“Joe Biden’s illegal vaccine mandate at work!” Senator Ted Cruz, Republican of Texas, said Sunday night on Twitter. “Suddenly, we’re short on pilots air traffic controllers.” Senator Ron Johnson, Republican of Wisconsin, echoed those comments on Monday.
In a statement, Southwest said its problems began in Florida over the weekend.
“We experienced weather challenges in our Florida airports at the beginning of the weekend, challenges that were compounded by unexpected air traffic control issues in the same region, triggering delays and prompting significant cancellations for us beginning Friday evening,” the airline said. “We’ve continued diligent work throughout the weekend to reset our operation with a focus on getting aircraft and crews repositioned to take care of our customers.”
The Federal Aviation Administration acknowledged that some flights were delayed or canceled on Friday because of severe weather, military training exercises and a brief staffing shortage at one air traffic control center, but it said the disruption only lasted a few hours.
“Some airlines continue to experience scheduling challenges due to aircraft and crews being out of place,” the agency said in a statement.
Casey Murray, the president of the Southwest Airlines Pilots Association, said pilots called in sick at a normal rate this weekend.
The widespread cancellations, he said, were instead caused by technological issues and problems with how pilots are reassigned and rerouted during disruptions, a process complicated by Southwest’s uniquely large, point-to-point network. In a typical day, about 10 percent of pilots are reassigned from the flights they were scheduled to operate. That figure was 71 percent on Saturday and 85 percent on Sunday, according to Mr. Murray.
“That is unsustainable,” he said. “The domino effect continues, and what we see, due to some internal failures, is it’s happening so many times that they just can’t move everyone.”
The union also said in a statement on Sunday that its members are barred by federal law from using a strike to resolve a labor dispute without exhausting other options first.

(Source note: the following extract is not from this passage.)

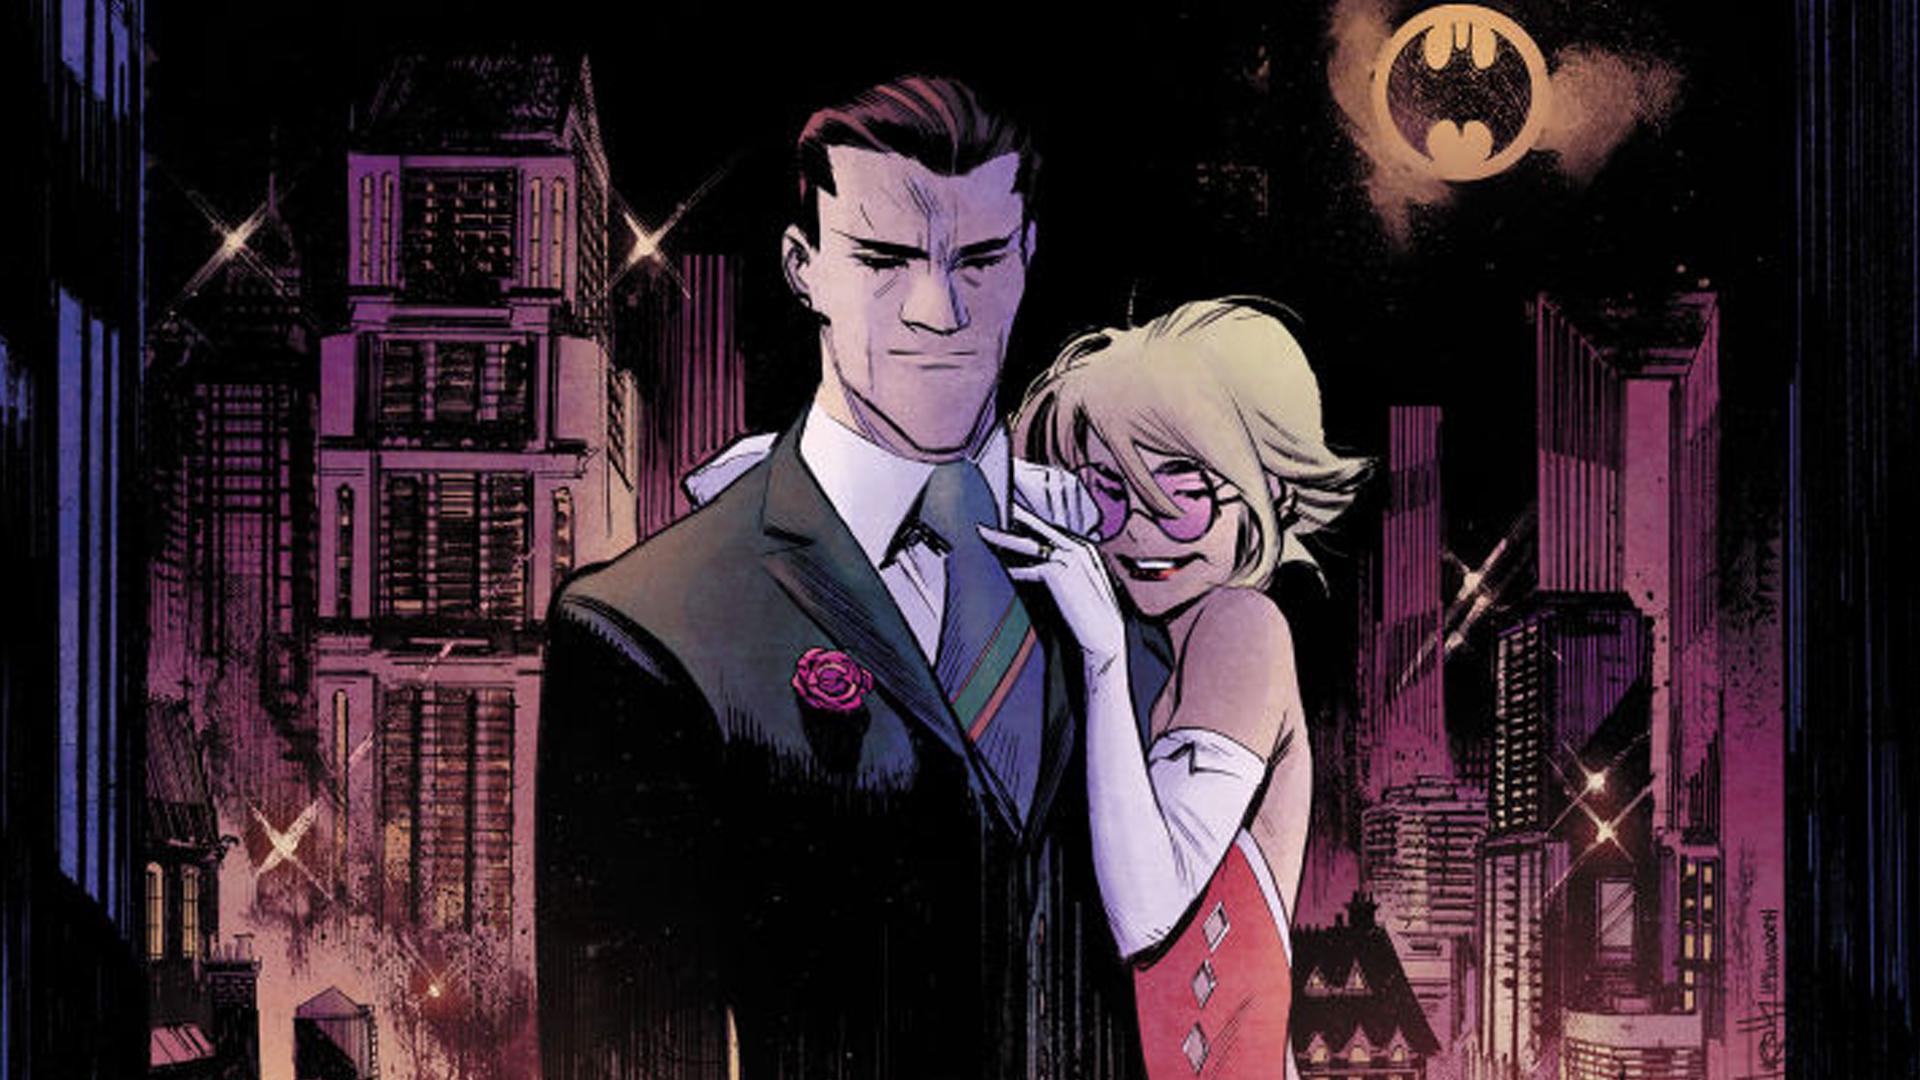 joker is the hero and batman is the villain in new comic batman

While the union, which says it does not oppose vaccination, denied that its members were calling in sick to protest the mandate, it did ask a judge on Friday to stop the airline from enacting the vaccine mandate and other policies. The request is part of a broader lawsuit that predates the mandate and centers on the union’s assertion that Southwest has taken a number of “unilateral actions” in violation of labor law.
Southwest isn’t alone in seeing pushback from employees over a vaccine mandate. Last week, hundreds of American Airlines workers and supporters protested its new mandate outside that airline’s Fort Worth, Texas, headquarters, according to The Dallas Morning News.

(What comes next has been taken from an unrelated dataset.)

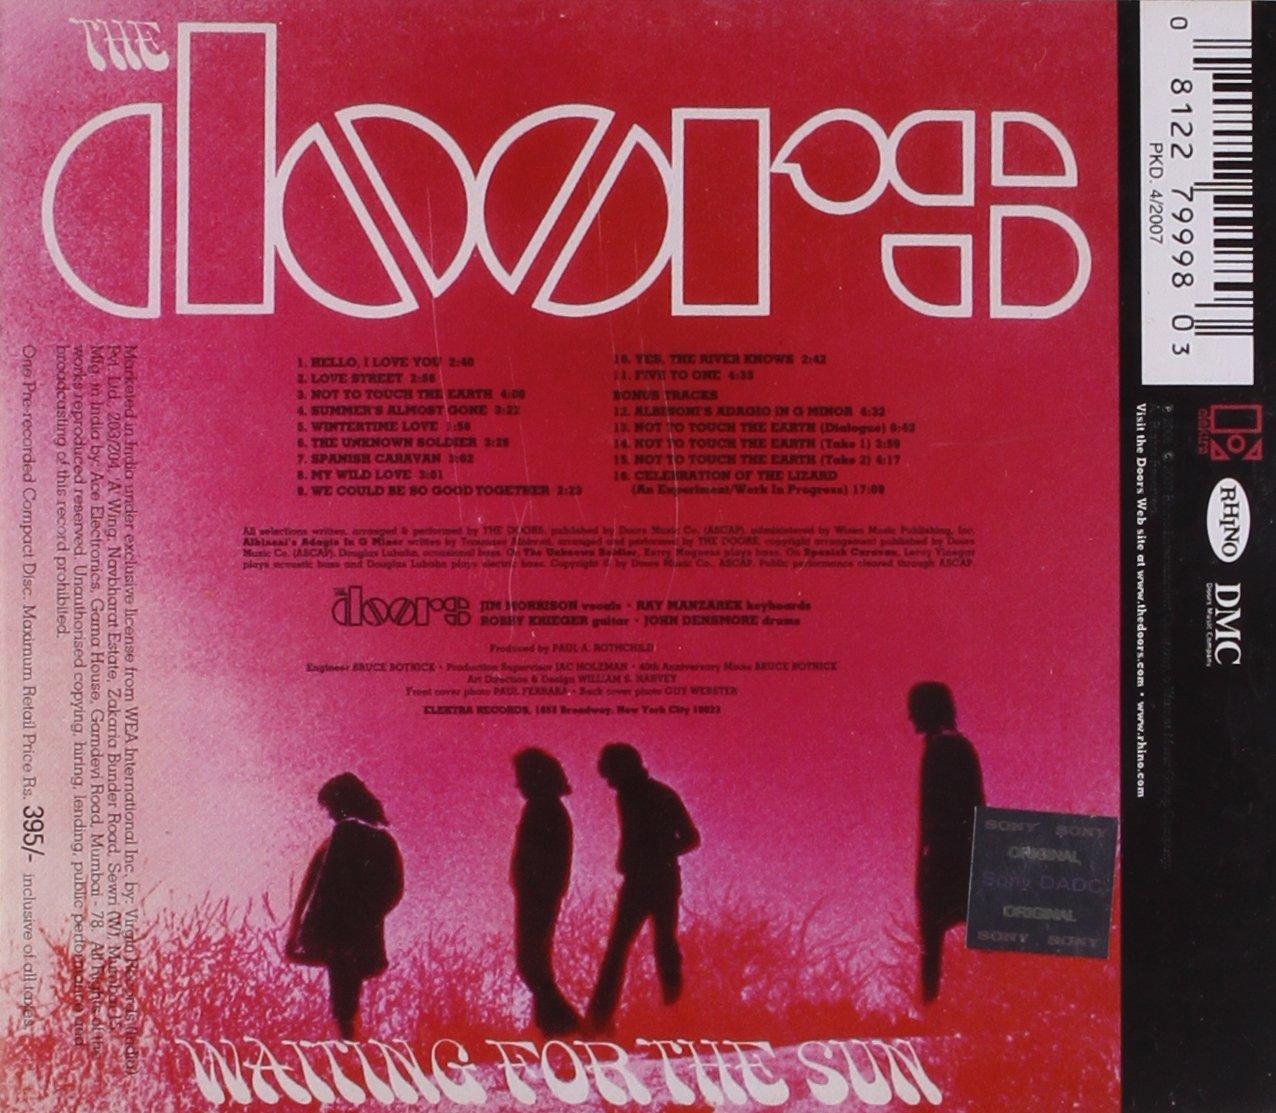 & Doors - Waiting for the Sun (40th Anniversary Mix) - Amazon.com Music

But many others have voiced support for such requirements. United Airlines, the first large U.S. airline to impose a mandate, has said that nearly all of its 67,000 employees had been vaccinated, with the exception of about 2,000 who had applied for religious or medical exemptions. United said it expects to have to fire fewer than 250 employees for failing to comply. The airline’s executives had expected some blowback but were surprised by the positive reaction, noting that it had received many more applicants for open flight attendant positions than it used to before the pandemic.
“I did not appreciate the intensity of support for a vaccine mandate that existed, because you hear that loud anti-vax voice a lot more than you hear the people that want it,” United’s chief executive, Scott Kirby, told The New York Times this month. “But there are more of them. And they’re just as intense.”
Delta Air Lines has not imposed a vaccination requirement, but it said it will charge unvaccinated employees $200 more a month for health insurance.